Emery is a town in Price County, Wisconsin, United States. The population was 308 at the 2020 census. The unincorporated community of Dover is located in the town.

==Geography==
According to the United States Census Bureau, the town has a total area of 108.2 square miles (280.3 km^{2}), of which 108.1 square miles (280.0 km^{2}) is land and 0.1 square miles (0.3 km^{2}) (0.09%) is water.

==Demographics==
As of the census of 2000, there were 325 people, 125 households, and 93 families residing in the town. The population density was 3.0 people per square mile (1.2/km^{2}). There were 206 housing units at an average density of 1.9 per square mile (0.7/km^{2}). The racial makeup of the town was 98.46% White, 0.31% Native American, 0.62% from other races, and 0.62% from two or more races. Hispanic or Latino people of any race were 1.54% of the population.

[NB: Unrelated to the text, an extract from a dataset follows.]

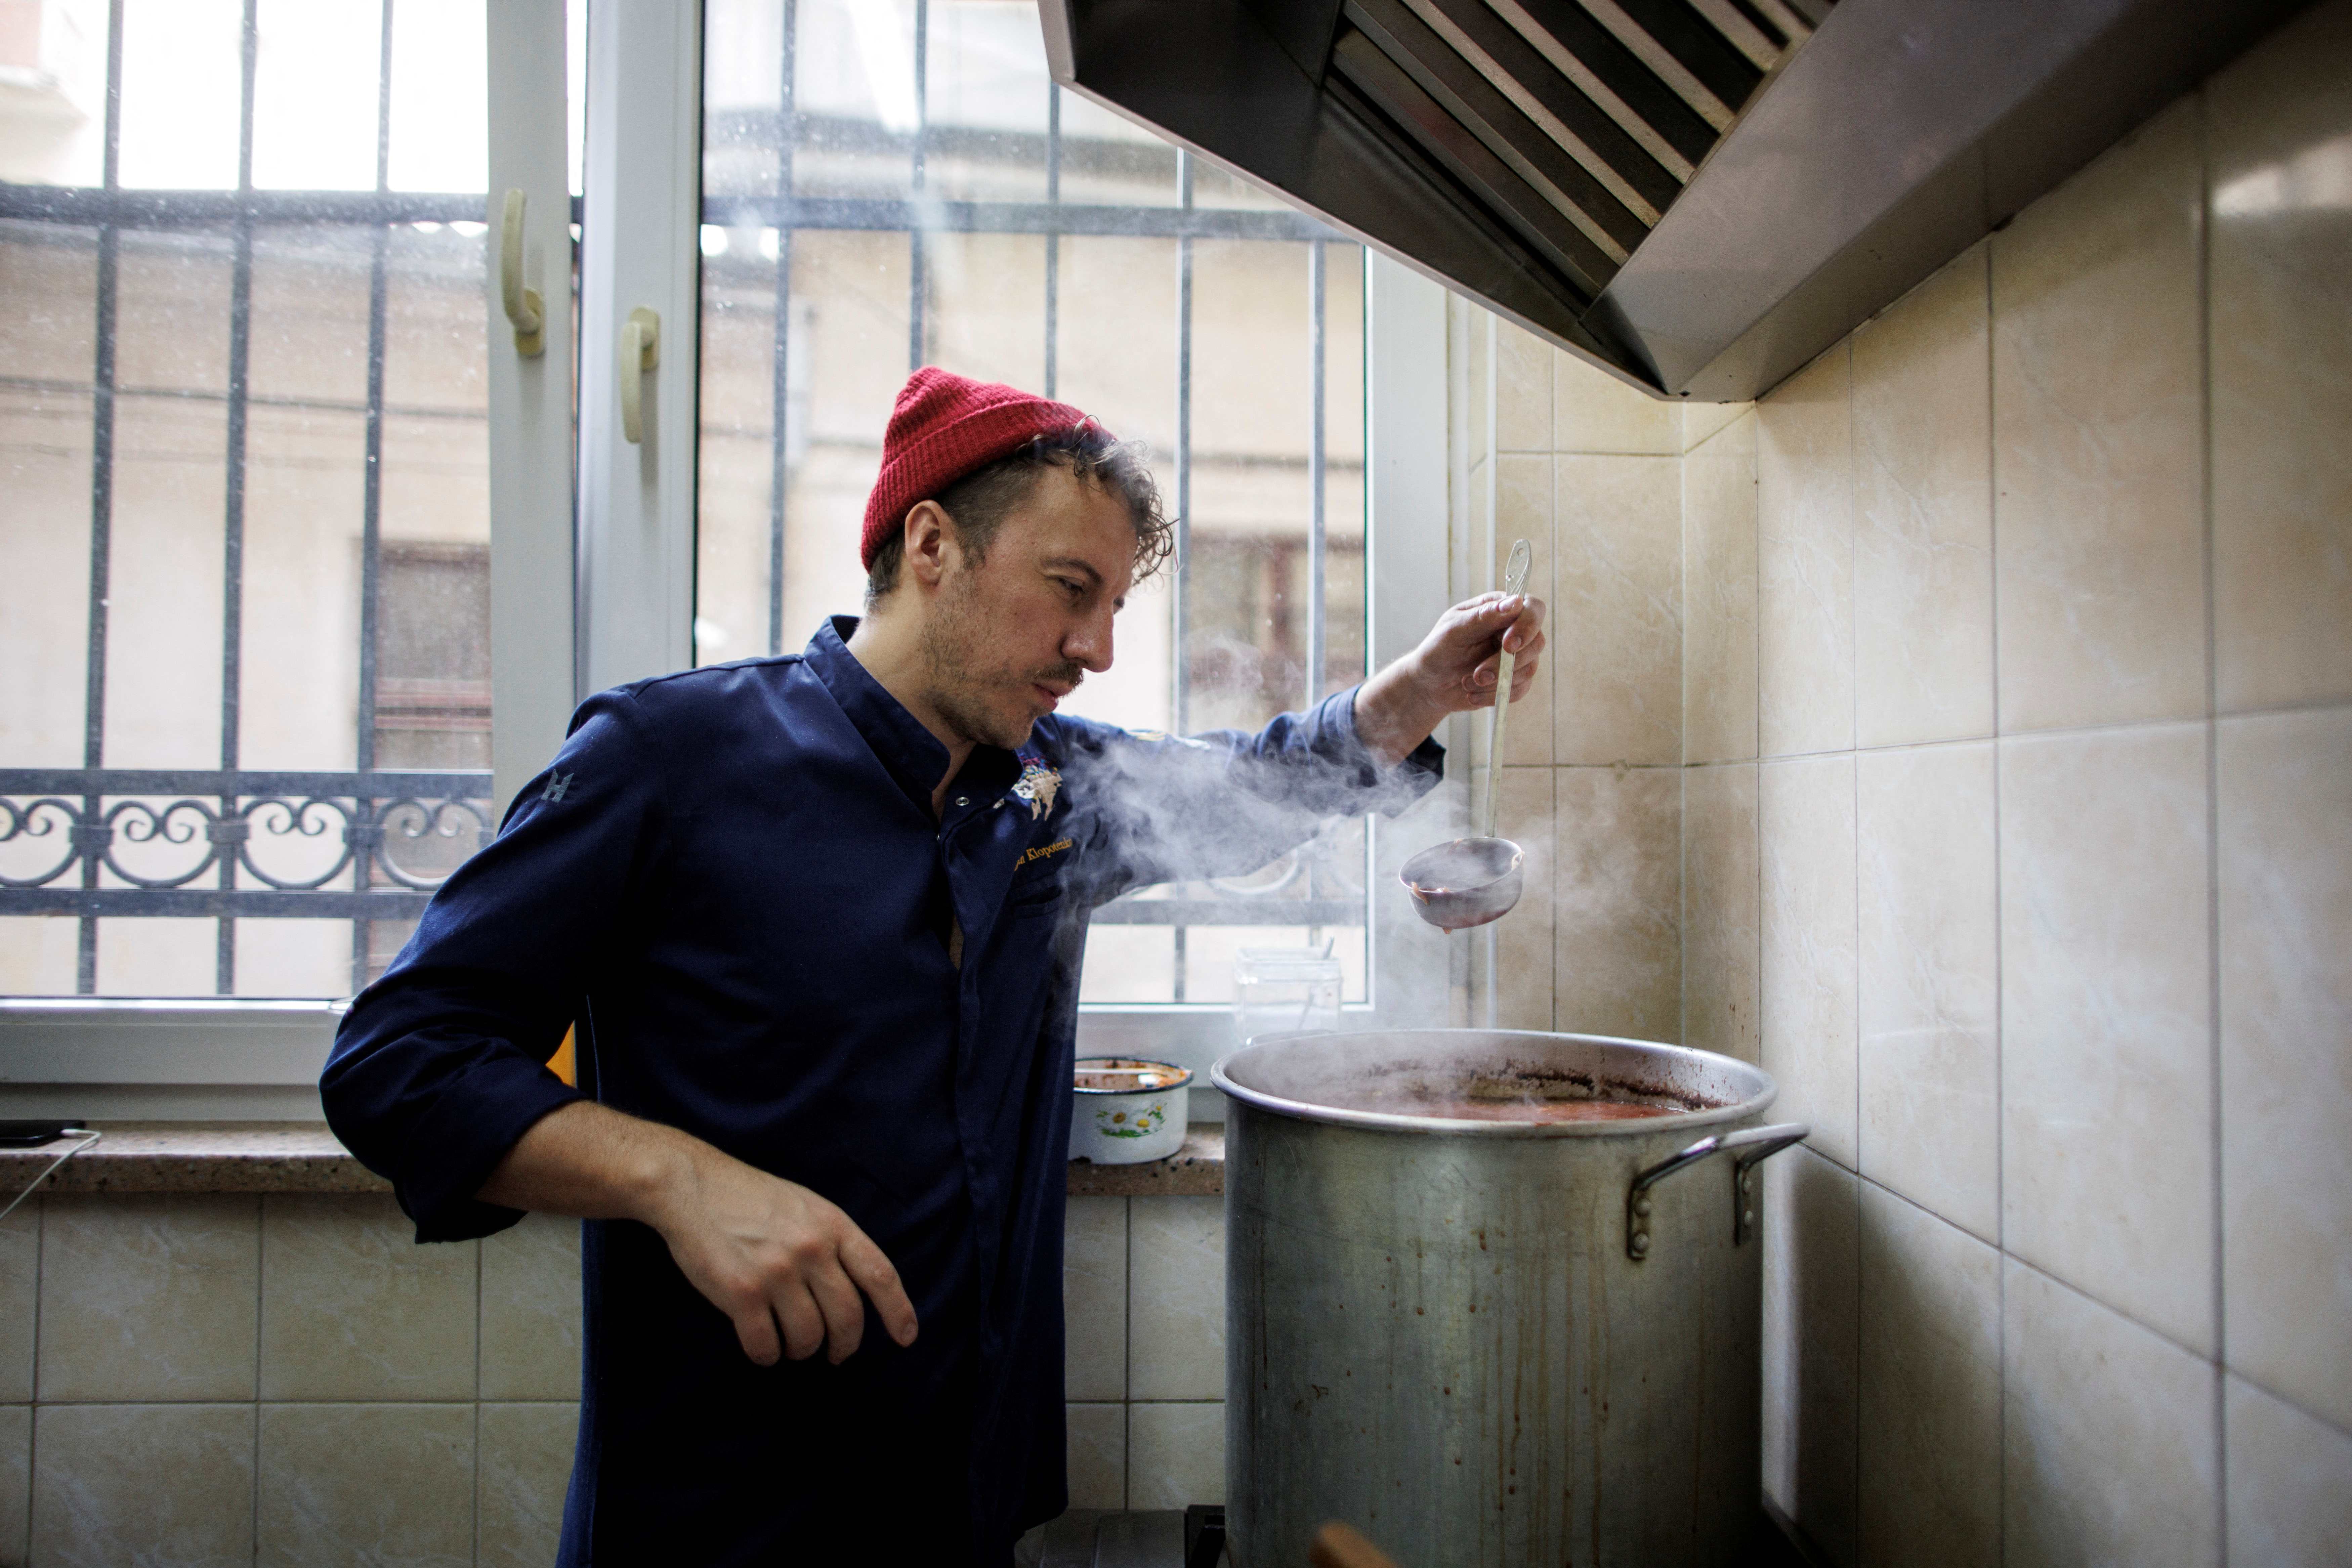 Ukrainian celebrity chef serves up free meals for refugees in Lviv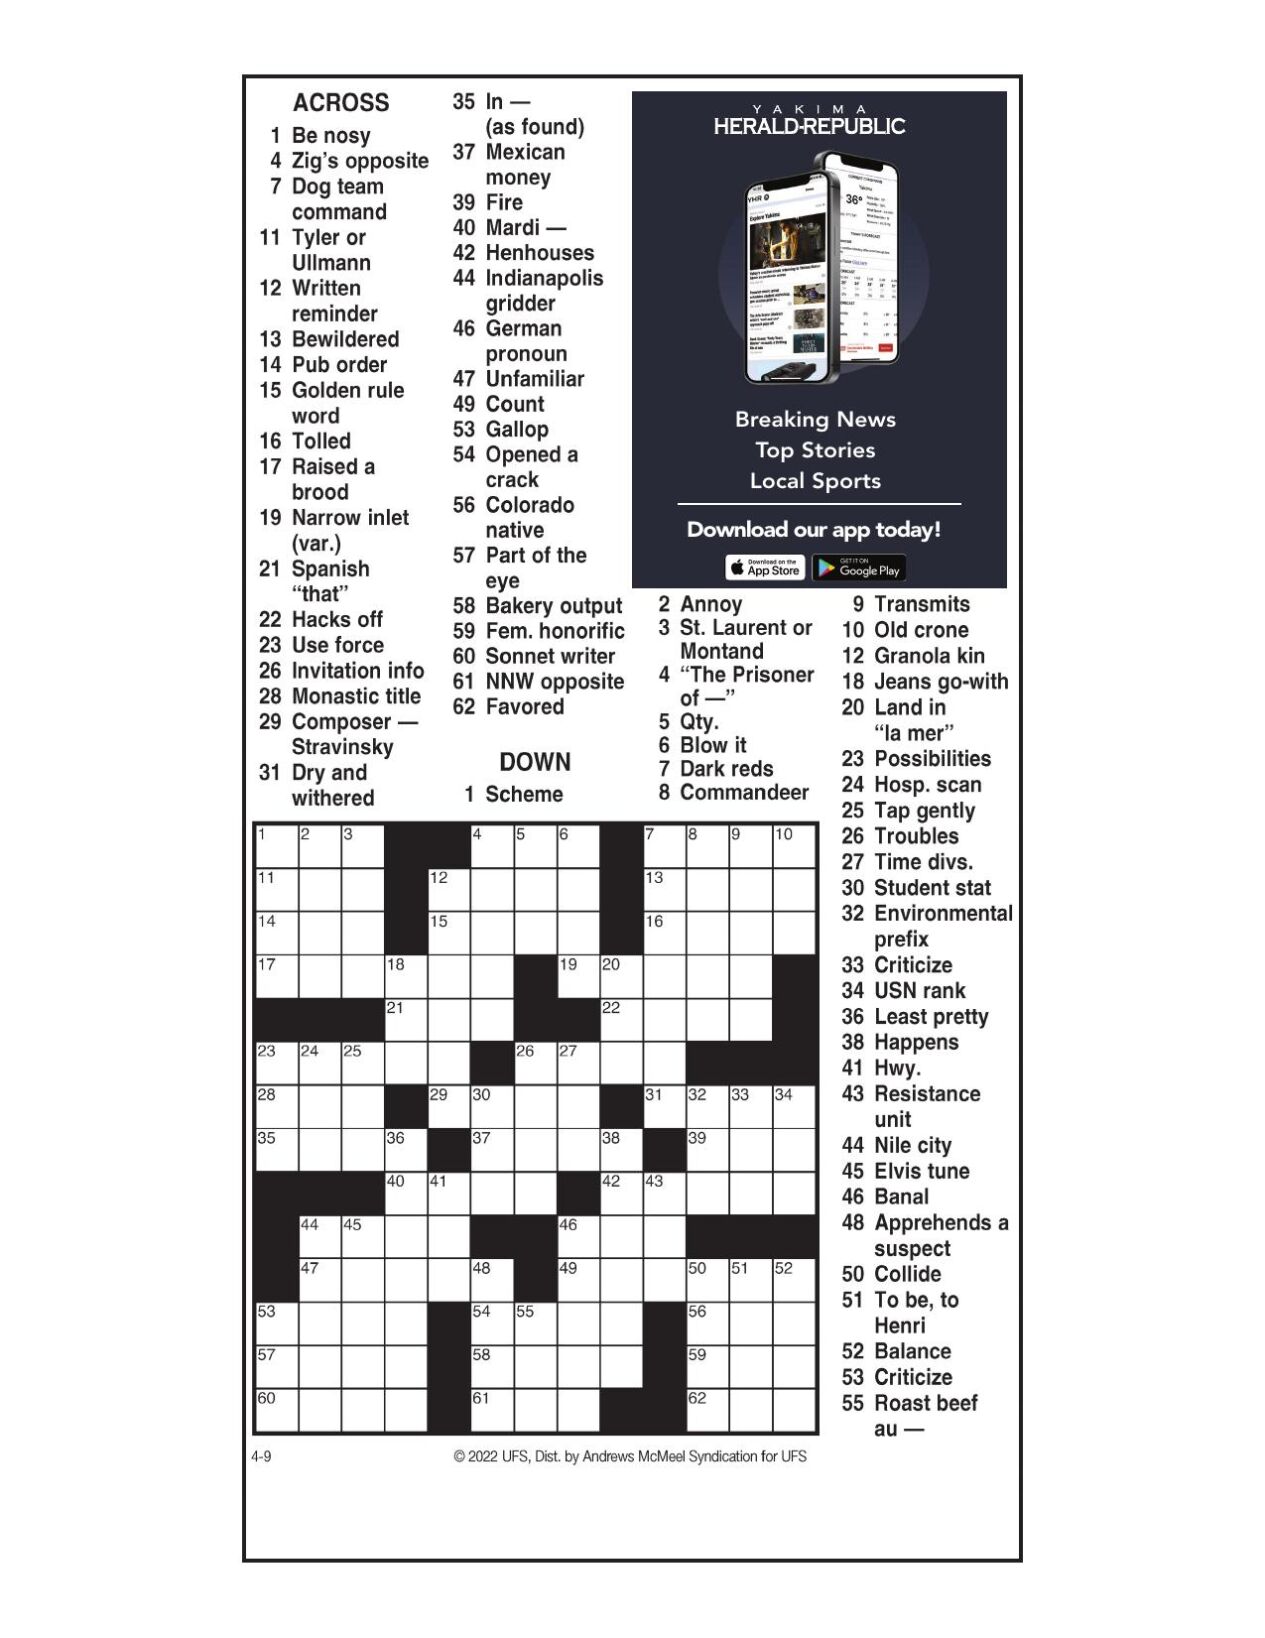 Andrews McMeel Crossword: April 9 2022 Crosswords yakimaherald com

There were 125 households, out of which 30.4% had children under the age of 18 living with them, 61.6% were married couples living together, 5.6% had a female householder with no husband present, and 25.6% were non-families. 21.6% of all households were made up of individuals, and 9.6% had someone living alone who was 65 years of age or older. The average household size was 2.60 and the average family size was 3.08.

In the town, the population was spread out, with 25.2% under the age of 18, 8.9% from 18 to 24, 24.3% from 25 to 44, 26.5% from 45 to 64, and 15.1% who were 65 years of age or older. The median age was 40 years. For every 100 females, there were 119.6 males. For every 100 females age 18 and over, there were 115.0 males.

The median income for a household in the town was $39,250, and the median income for a family was $43,333. Males had a median income of $30,156 versus $25,833 for females. The per capita income for the town was $17,100. About 2.1% of families and 5.1% of the population were below the poverty line, including 5.2% of those under age 18 and 10.4% of those age 65 or over.